KB: Later this year, you’re going to be presenting The Tempest. When looking at a classical piece to produce, what attracted you to this one? 

TB: The things I was thinking about most were tone and familiarity. I wanted something that felt broad in scope, with a certain amount of gravity, but also something had some lightness to it and was ultimately hopeful. The Tempest fits those criteria nicely.  And picking a show that has some familiarity to it will hopefully entice people to come watch theater indoors again. 

KB: Bethel Park Falls was a show I was unfamiliar with until I heard you were producing it. Can you talk a little more about that production? 

TB: This is a pretty new play that was written by Jason Pizzarello in 2018. It’s made up of several sweet vignettes that talk about what happens when a beloved city park gets taken over by developers. I like how the play talks about the importance of public space to a community. Also, knowing that our season would be entirely outdoors, I loved the idea of staging a play that takes place in a park.  

KB: CTC has had a lot of luck taking titles like The Father and Skriker that are typically produced indoors and bringing them outside. I’m especially excited to see how Native Gardens plays in an outdoor setting. Is that something you thought about as you were looking at titles?

TB: That’s definitely something I was thinking about. We had actually planned to stage Native Gardens outdoors in the summer of 2020. Staging a show about gardens in a real garden seemed really fun. 

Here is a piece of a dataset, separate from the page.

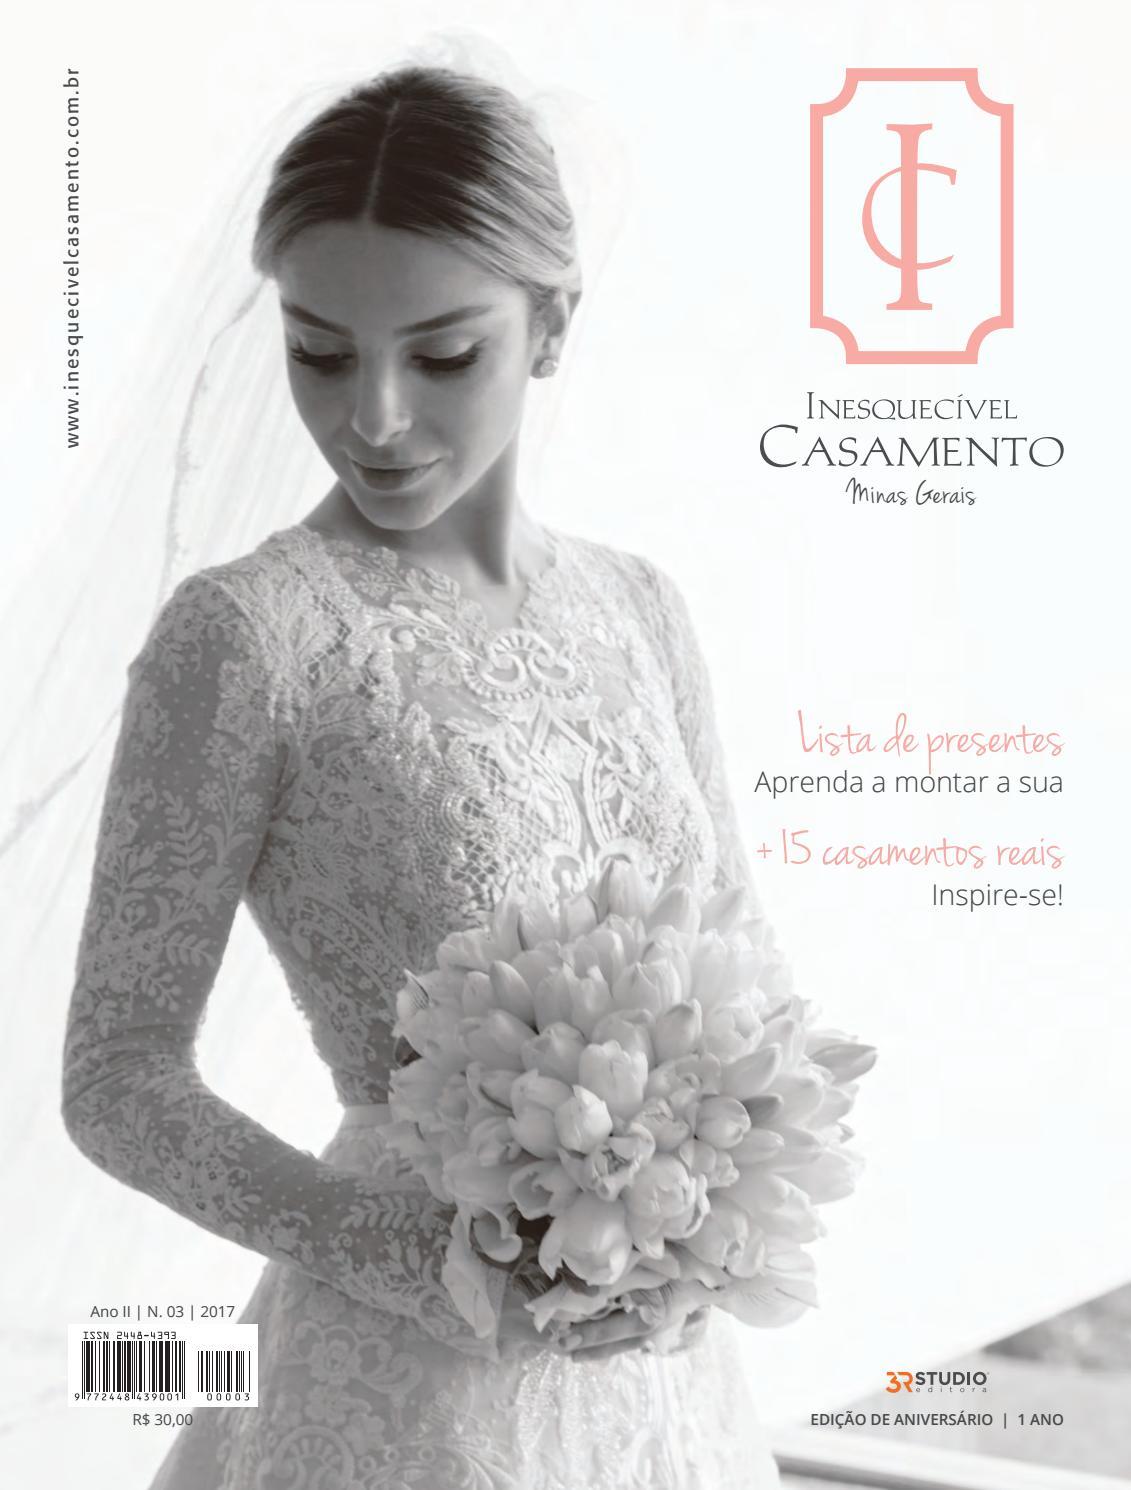 d6d235e9c8 Inesquecível Casamento Minas Gerais Ed. 03 by Inesquecível Casamento - issuu

KB: What’s the response been like from the community now that you’ve announced you’re returning? I know how much the theater means to Wakefield and South County. Has it given you an extra boost seeing all the enthusiasm for you all to return in full force? 

TB: YES! We’re really grateful that our local community has been so supportive of us during the closure. There’s been a lot of excitement about both our reopening and our expansion. It’s a wonderful feeling to be able to welcome people back and signal that we’re gonna be ok, and things are slowly going back to normal.